§ **DATASET EXTRACT**
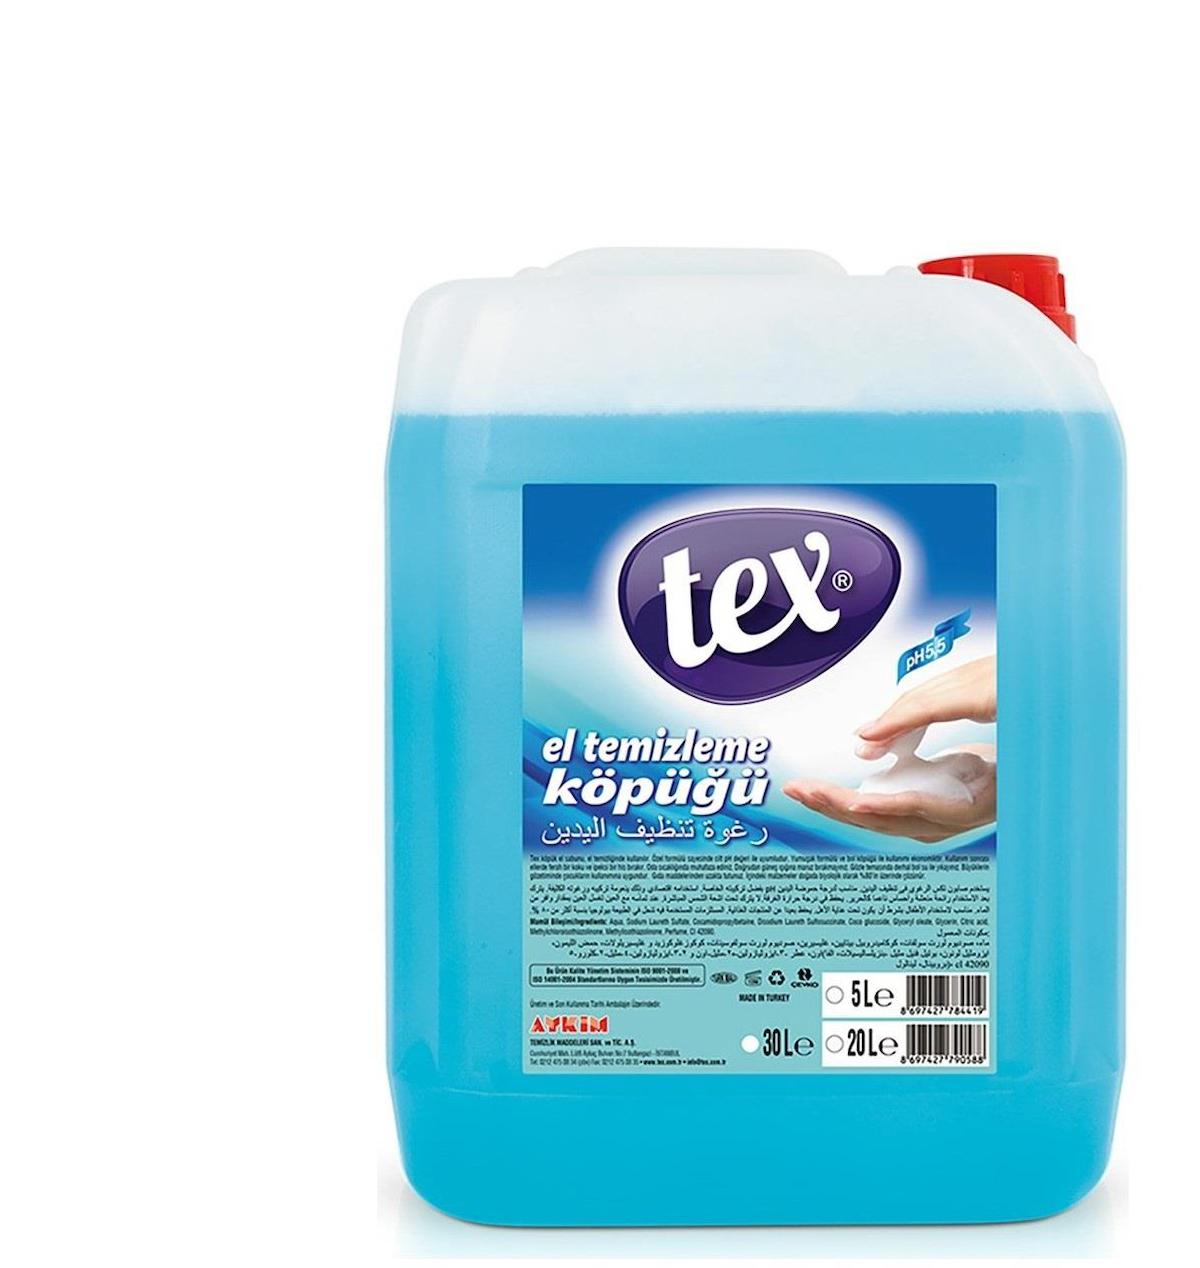 Tex Nemlendiricili Köpük Sıvı Sabun 5 kg Tekli
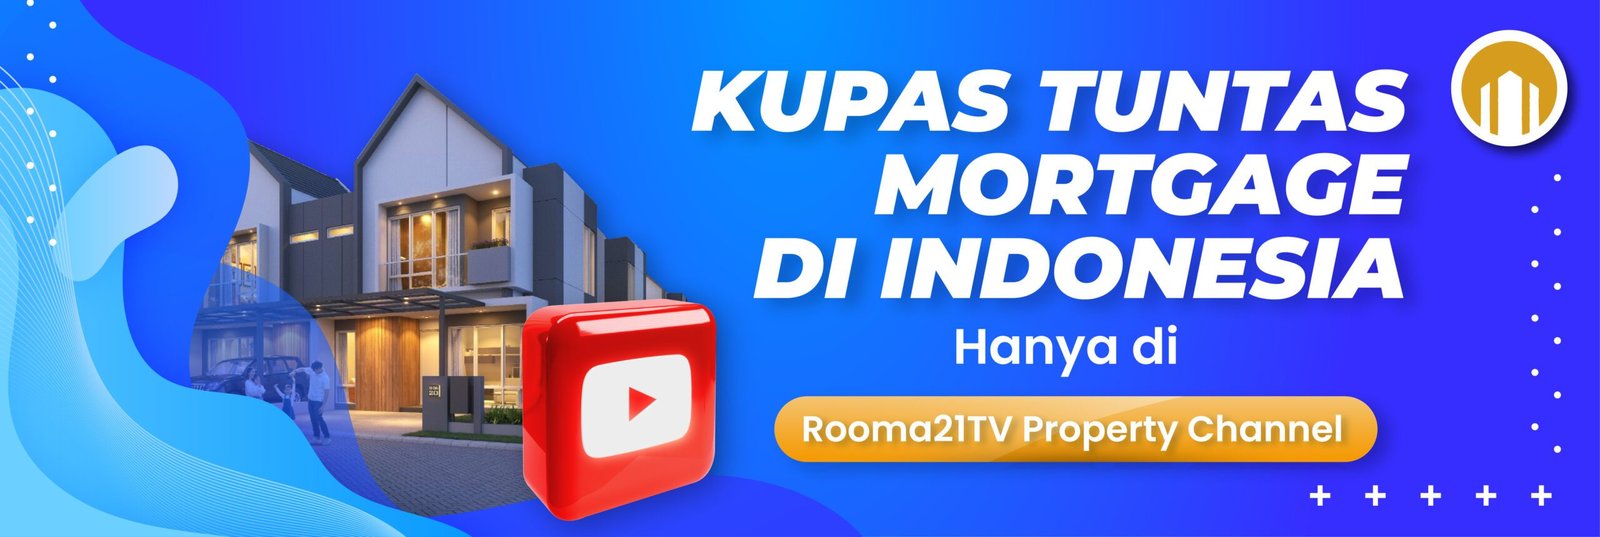 Kupas Tuntas Mortgage di Indonesia hanya di Rooma21TV Property Channel
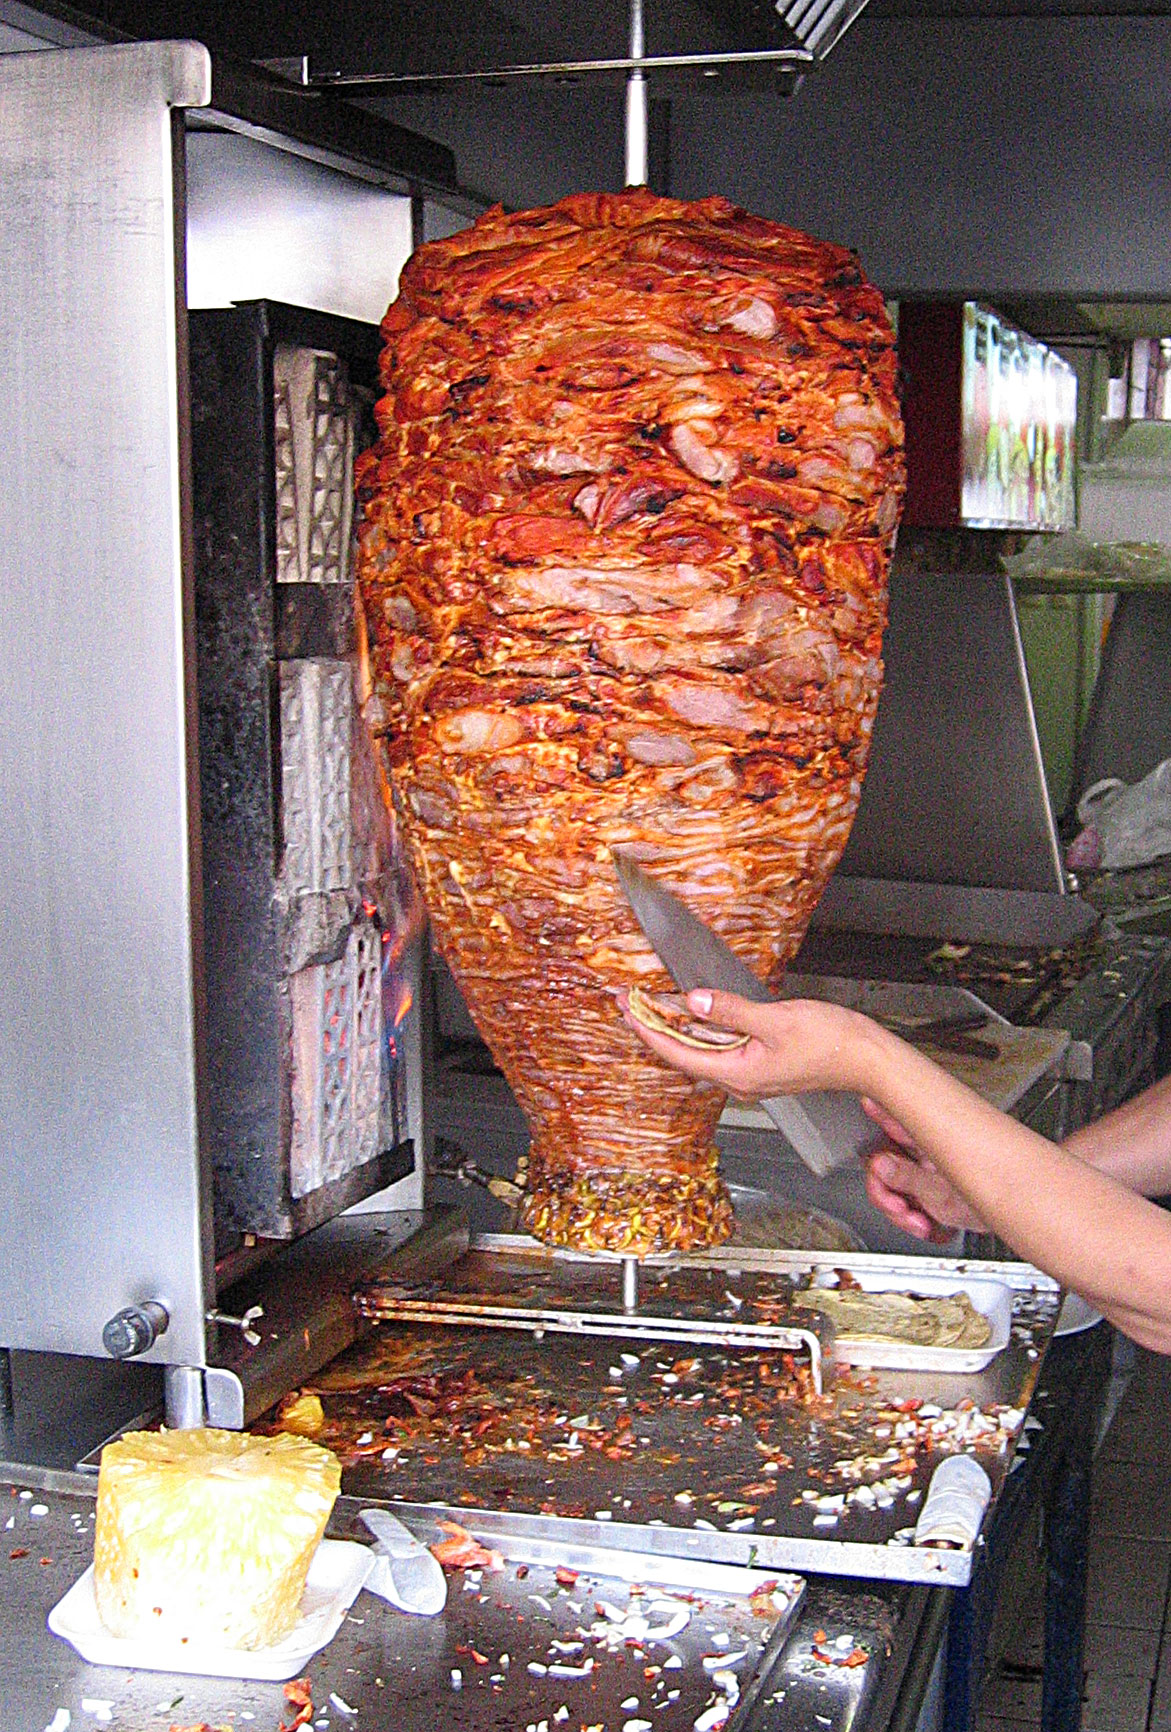 File:Tacos-al-Pastor.jpg - Wikipedia, the free encyclopedia

§ **ABOUT THIS EXERCISE**
Please reproduce the data above word for word, skipping all images.

§ **ANSWER TO THIS PROBLEM**
 Tex Nemlendiricili Köpük Sıvı Sabun 5 kg Tekli
 Kupas Tuntas Mortgage di Indonesia hanya di Rooma21TV Property Channel
 File:Tacos-al-Pastor.jpg - Wikipedia, the free encyclopedia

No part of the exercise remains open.